(Beginning of Collected data)
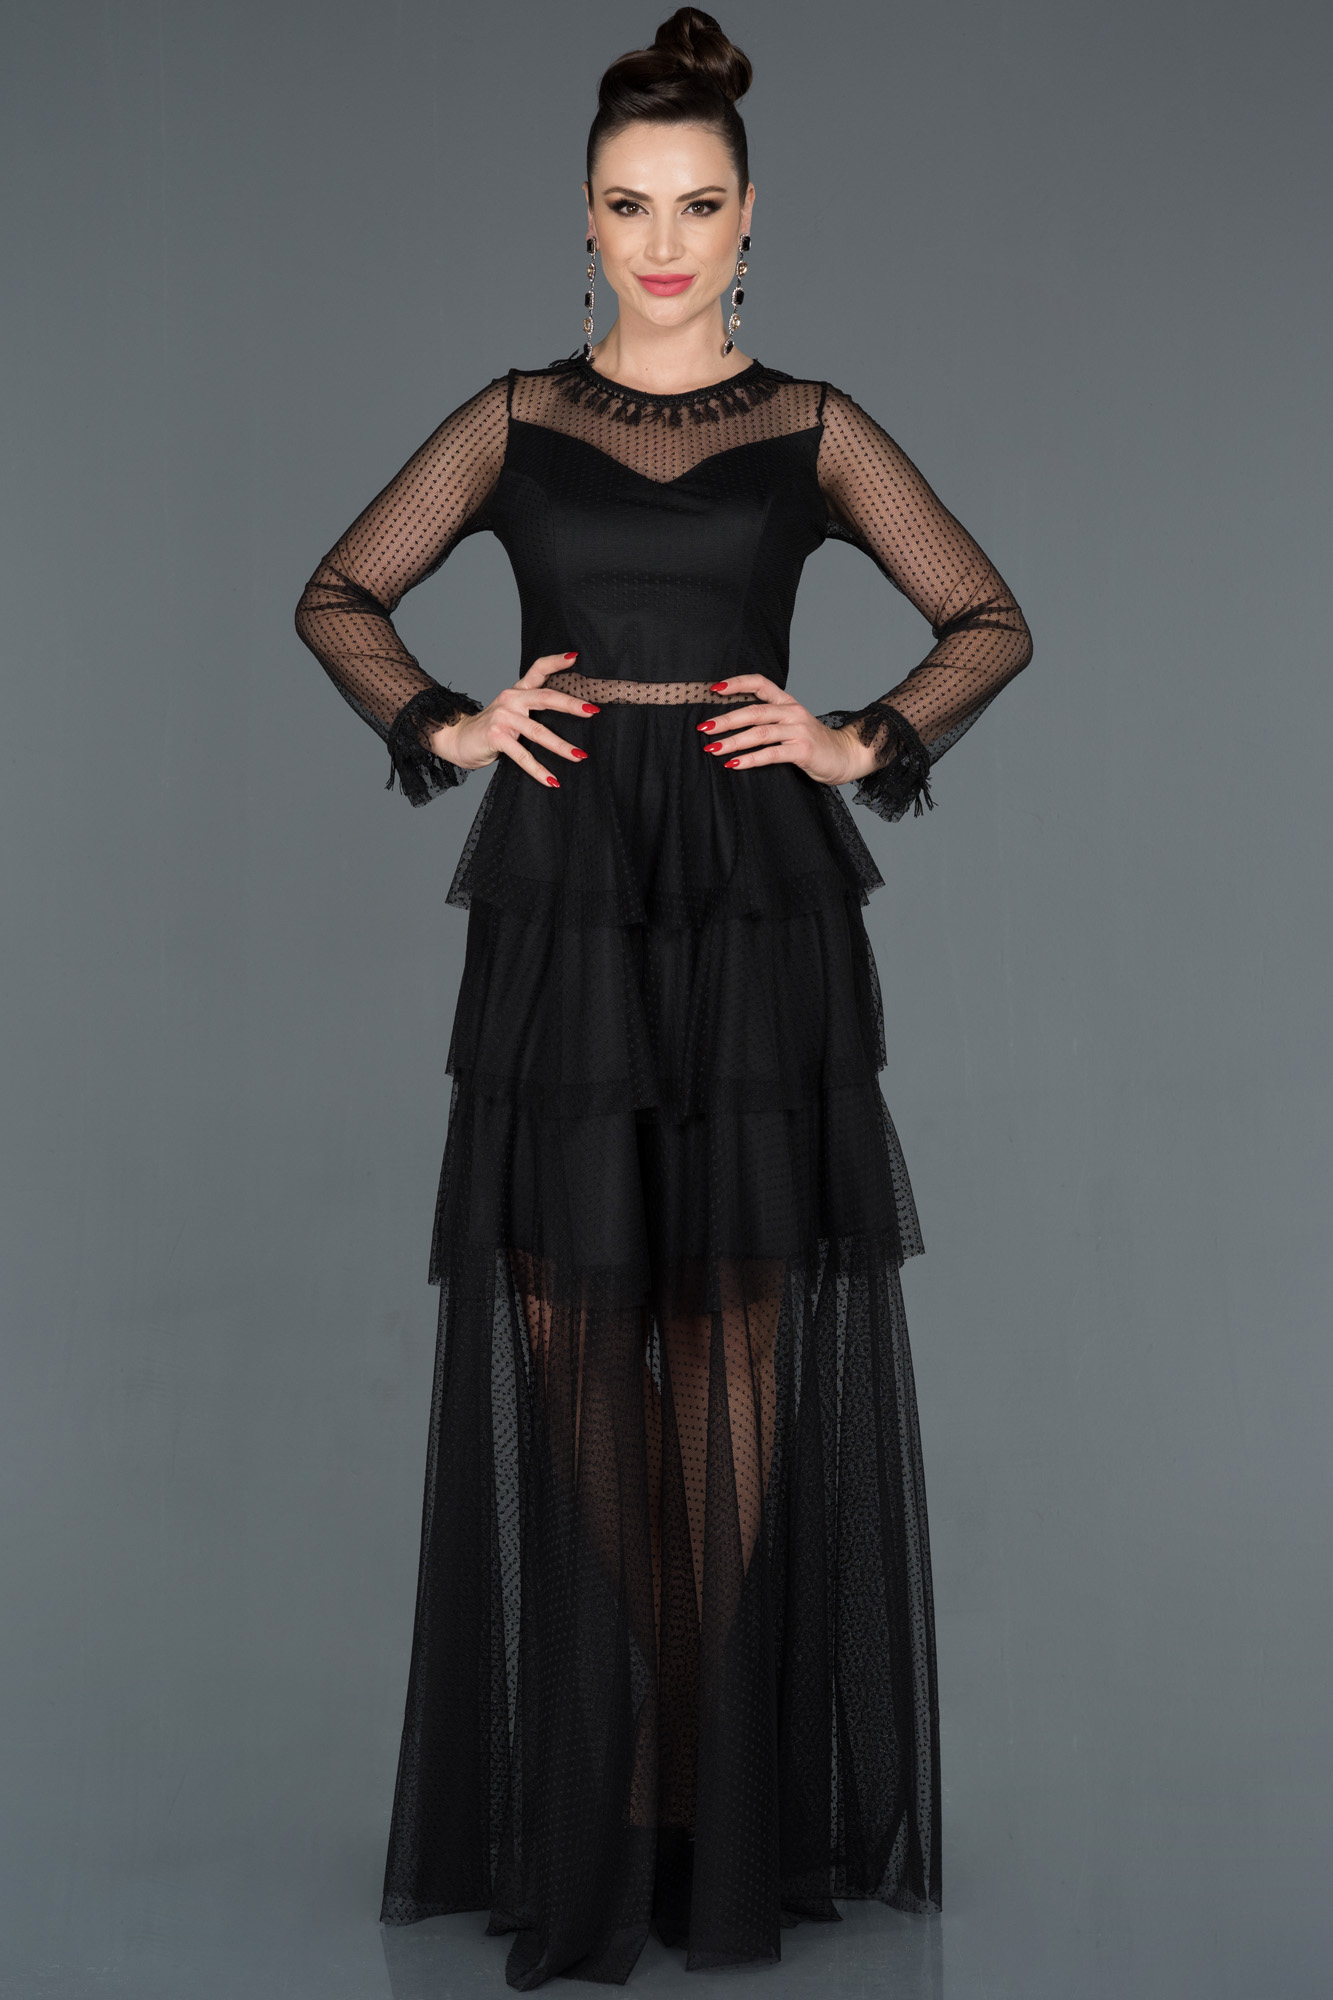 Siyah Transparan Uzun Kollu Tül Abiye Elbise
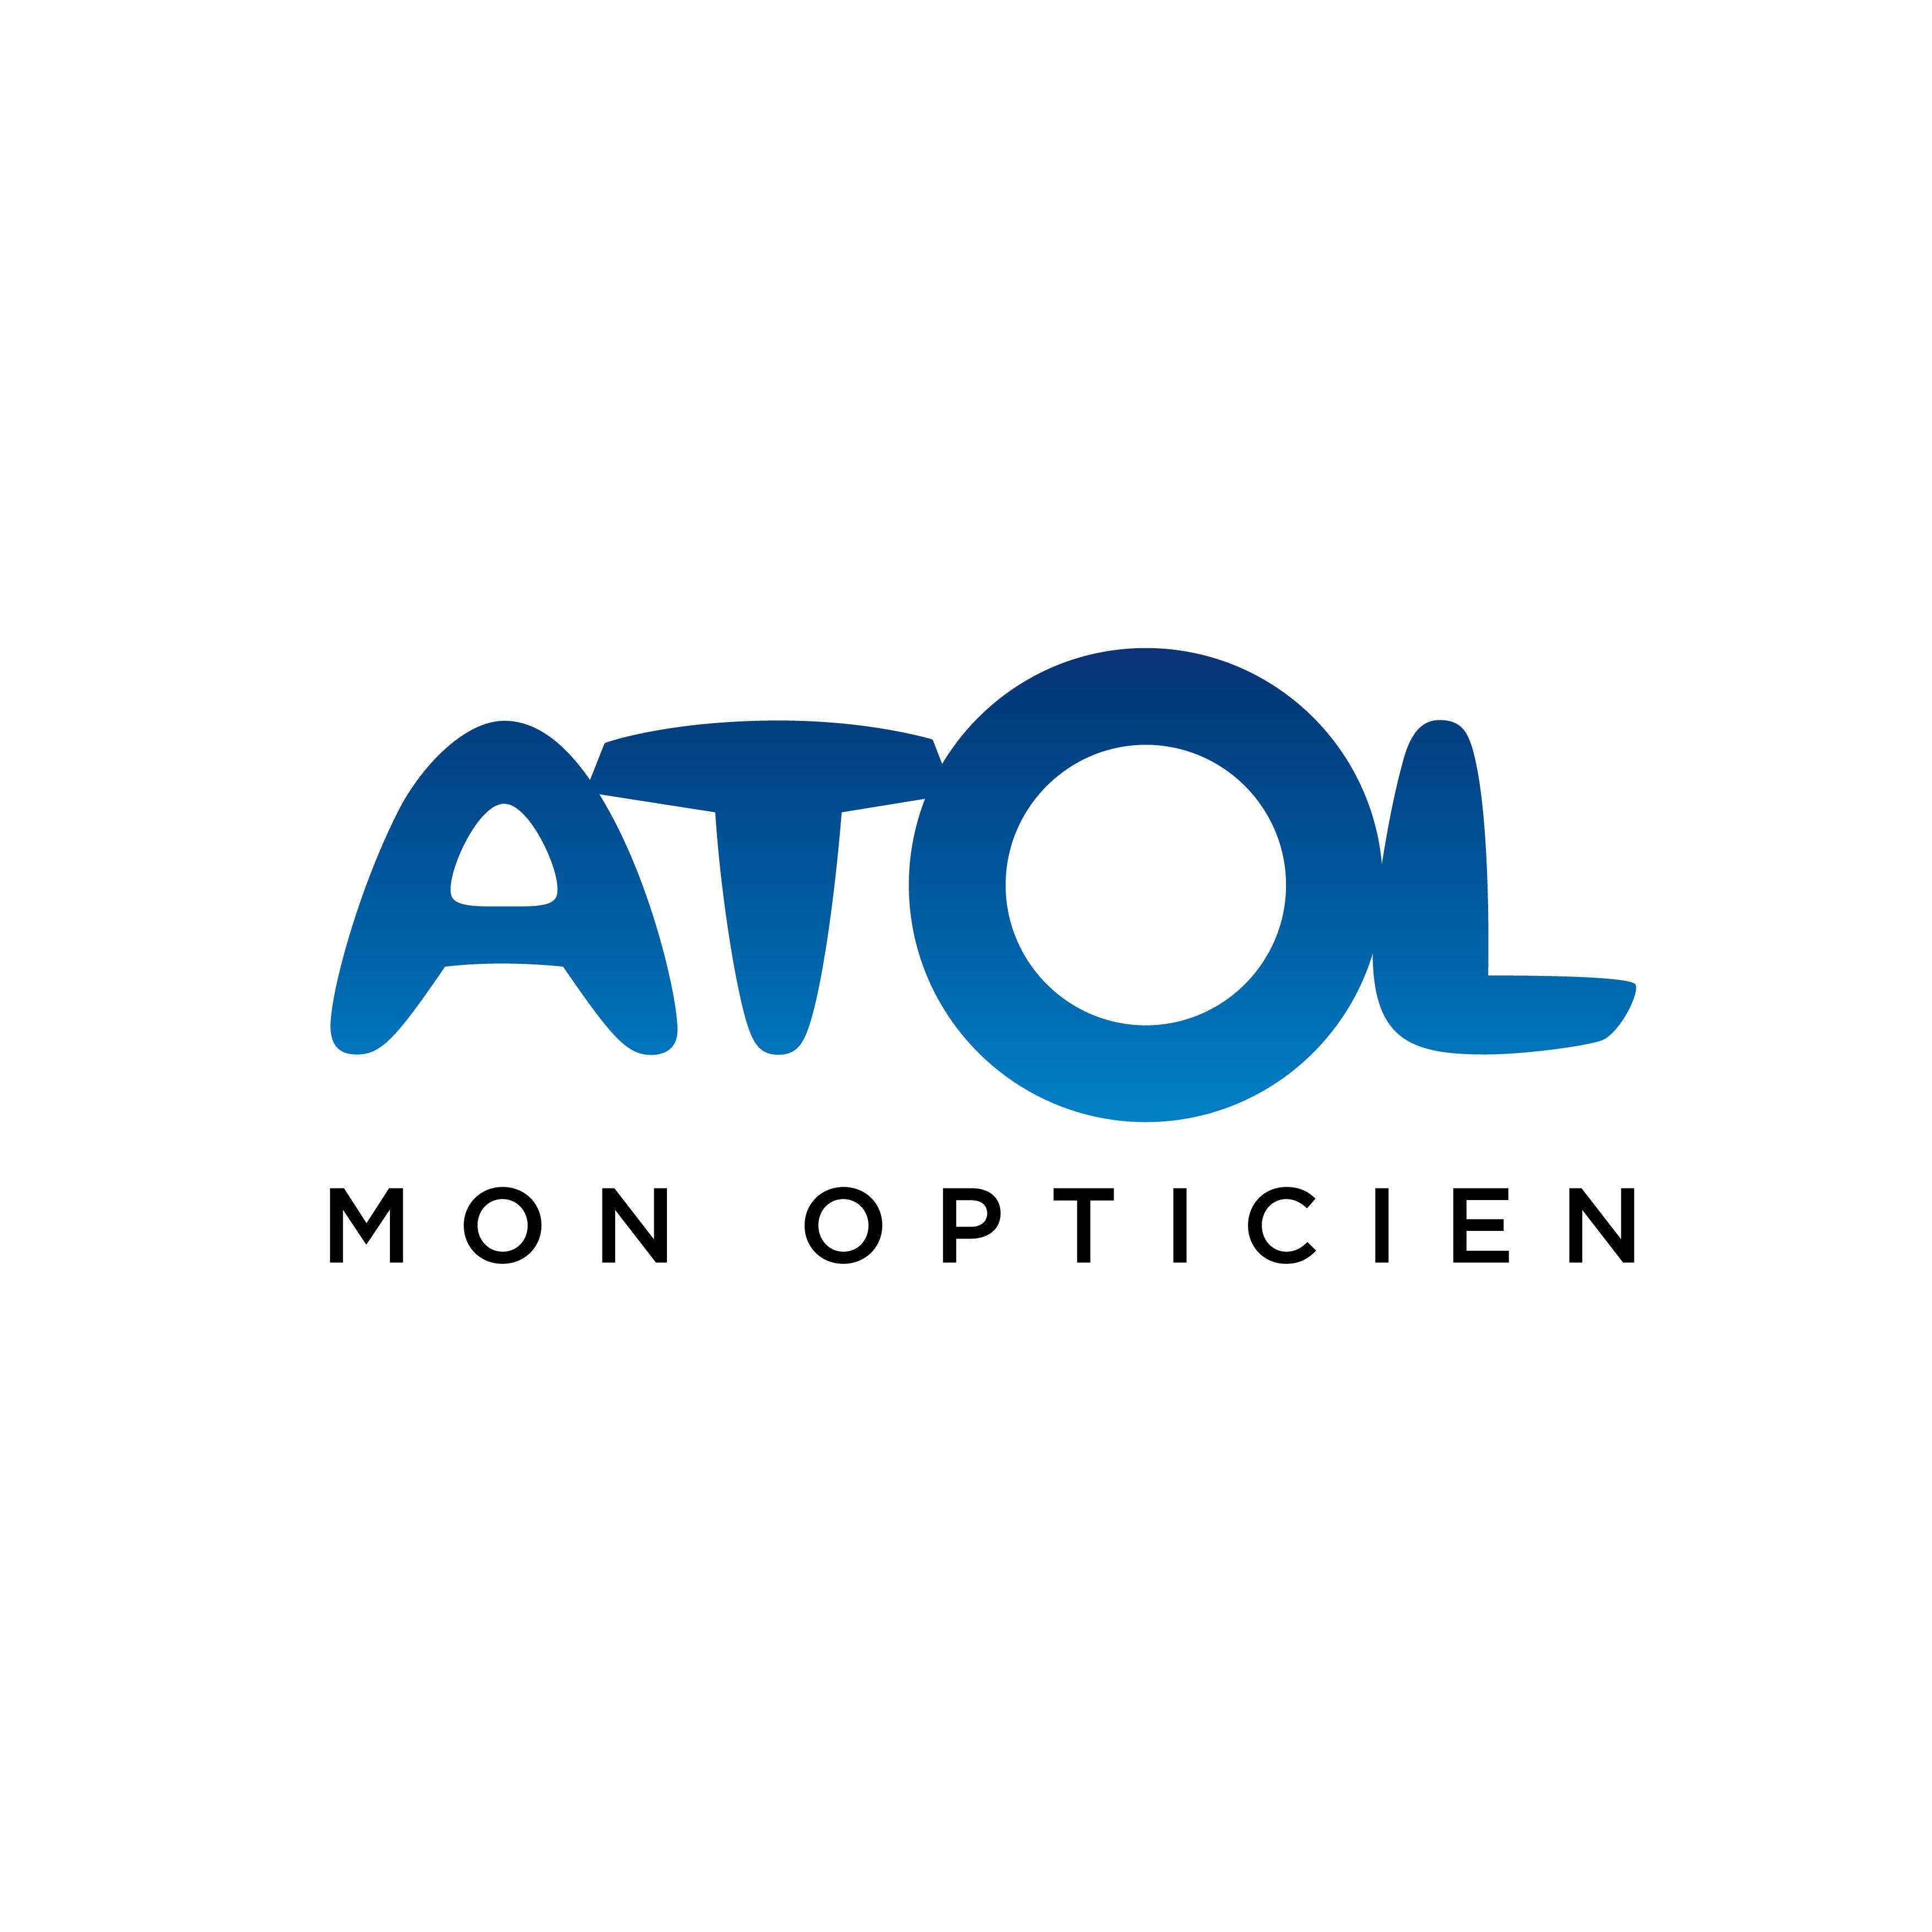 Atol Mon Opticien
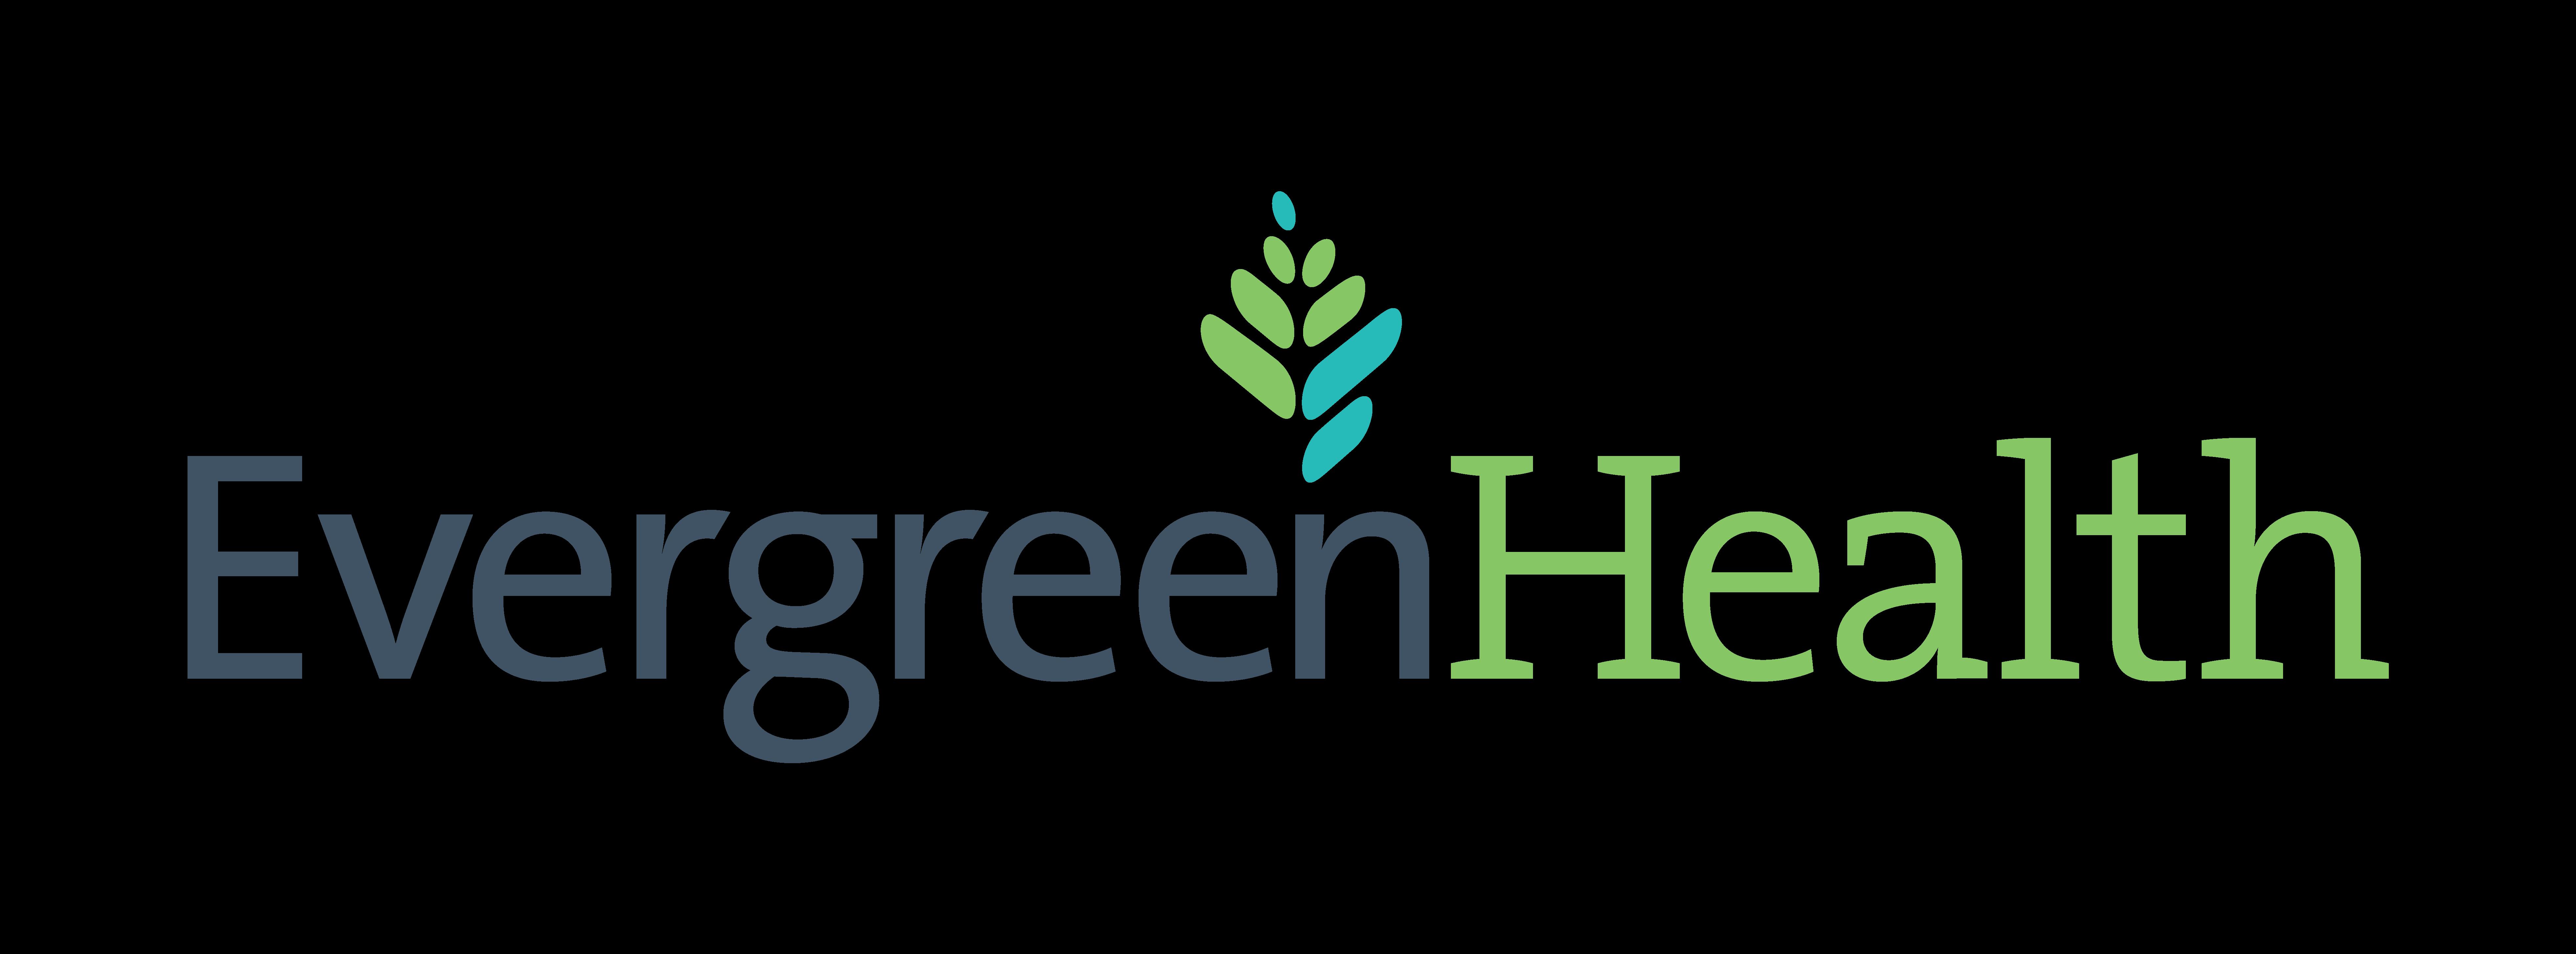 Evergreen Health
(End of Collected data)
Activity - The result should be every line of the data, reproduced exactly, with the images removed.

Result -
 Siyah Transparan Uzun Kollu Tül Abiye Elbise
 Atol Mon Opticien
 Evergreen Health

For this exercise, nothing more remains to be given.